The end of science?

Paperback and electronic versions of John Horgan’s 1996 book, The End of Science, have recently been published by Basic Books. Horgan wrote a bit about how the text was received in 1996 on his weekly Scientific American blog. I read the book in 1996 and wrote to Horgan about the impact it had on me. At the time, I was working to better understand my own fascination with mathematics which, while it is the thing that has brought meaning to centuries of empirical efforts, rarely comes up in popular discussion of science in general or cosmology in particular. In my letter to Horgan I said this:

There is, no doubt, a limit to the kind of empiricism we have employed this last century. But, I think we have yet to understand something about what it is that we have accomplished. I agree with David Bohm that science is essentially some extension of perception. But there is a mistake embedded in our notion of objectification and I think I have become involved in wanting to somehow dislodge it.

Studying mathematics, I told him, had had the effect of putting me in my place, making me careful not to believe myself too much or too easily, because I had seen something extraordinary at work. There would always be something just slightly out of my reach.

The role that mathematics plays in scientific thinking is, I believe, still largely underestimated. Horgan doesn’t expect major revisions in our current maps of reality, nor “insights into nature as cataclysmic as heliocentrism, evolution, quantum mechanics, relativity…” But mathematics has the potential to produce insights into the nature of science itself, to show us something about how we are extending perception, and what this might mean about what we are able to see.  I often expect that reorienting ourselves within what we seem to know can produce pofound changes in our current maps of reality.

By way of example,  I can point back to my last post which describes Virginia Chaitin’s notion of interdisciplinarity where, she explains, “frameworks, research methods and epistemic goals of individual disciplines are combined and recreated yielding novel and unexpected prospects for knowledge and understanding.”

She uses Gregory Chaitin’s work in metabiology (a mathematical biology) to illustrate the value of this kind of effort and demonstrates along the way how mathematics contributes to the creation of  “a brand-new and more generous conceptual framework for the human being, which now evolves around the idea of a life-form motivated by a non-mechanical, lawless, subjective creativity instead of a life-form driven by a predetermined “winner or loser” survival dichotomy.” This can have major implications for how we view evolution in general and human evolution in particular.
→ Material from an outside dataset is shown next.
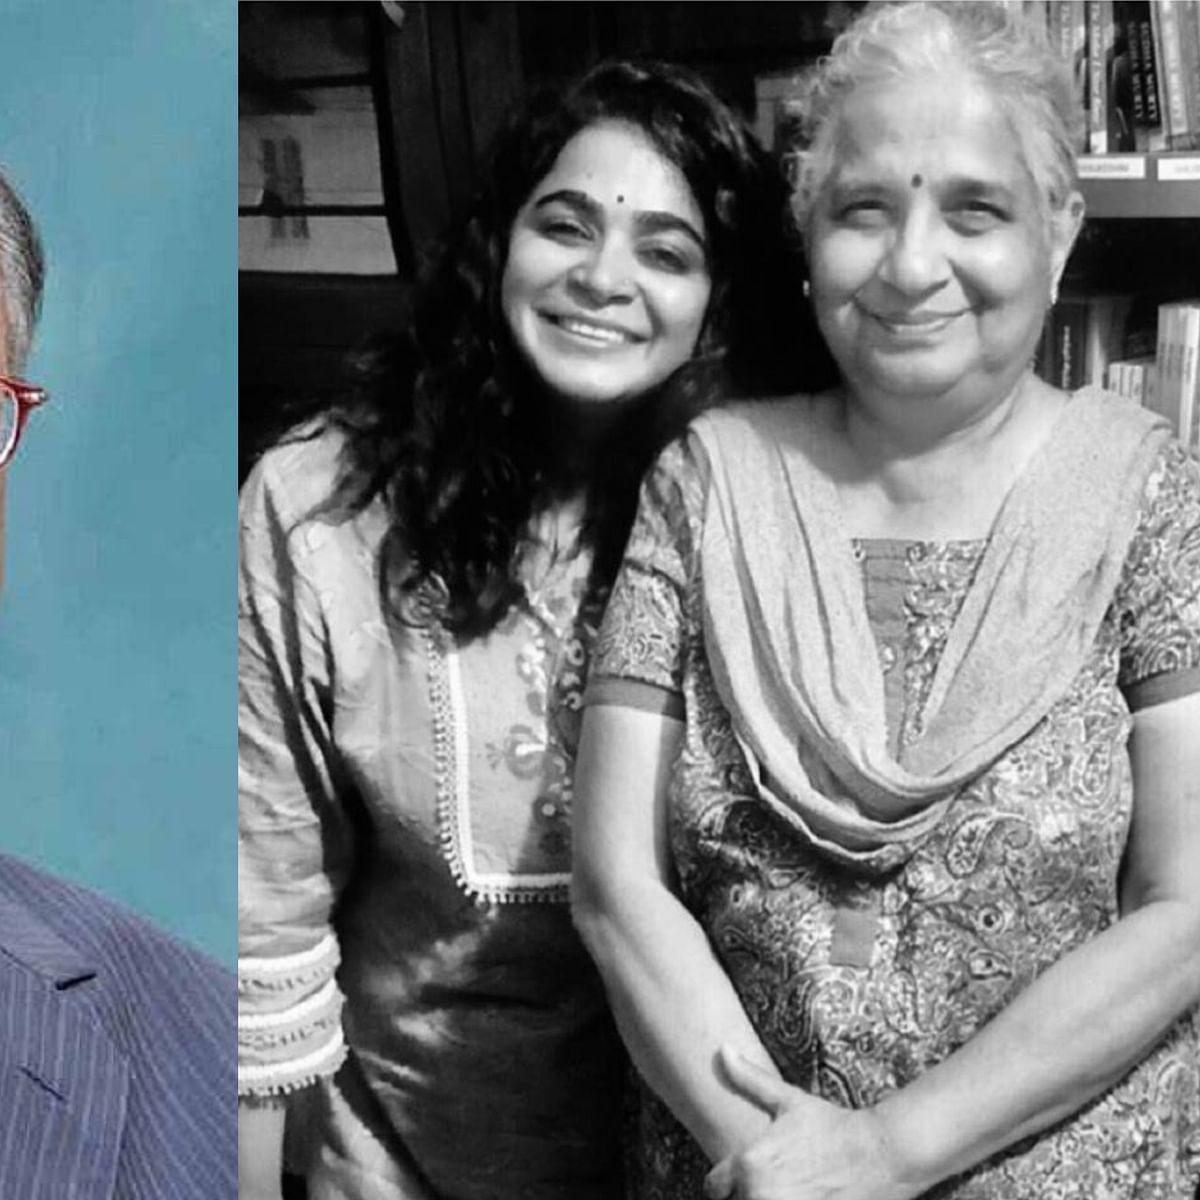 Ashwiny Iyer Tiwari announces her next film on Narayana and Sudha Murthy

Horgan provides links to some of his earlier pieces for further reading. One of them is an interview with Edward Witten called, Physics Titan Edward Witten Still Thinks String Theory “on the Right Track.” String theory is essentially mathematical in character and has been criticized for its lack of testability. Horgan excerpted from his 1996 publication:

I asked Witten how he responded to the claims of critics that superstring theory is not testable and therefore is not really physics at all. Witten replied that the theory had predicted gravity. “Even though it is, properly speaking, a post-prediction, in the sense that the experiment was made before the theory, the fact that gravity is a consequence of string theory, to me, is one of the greatest theoretical insights ever.”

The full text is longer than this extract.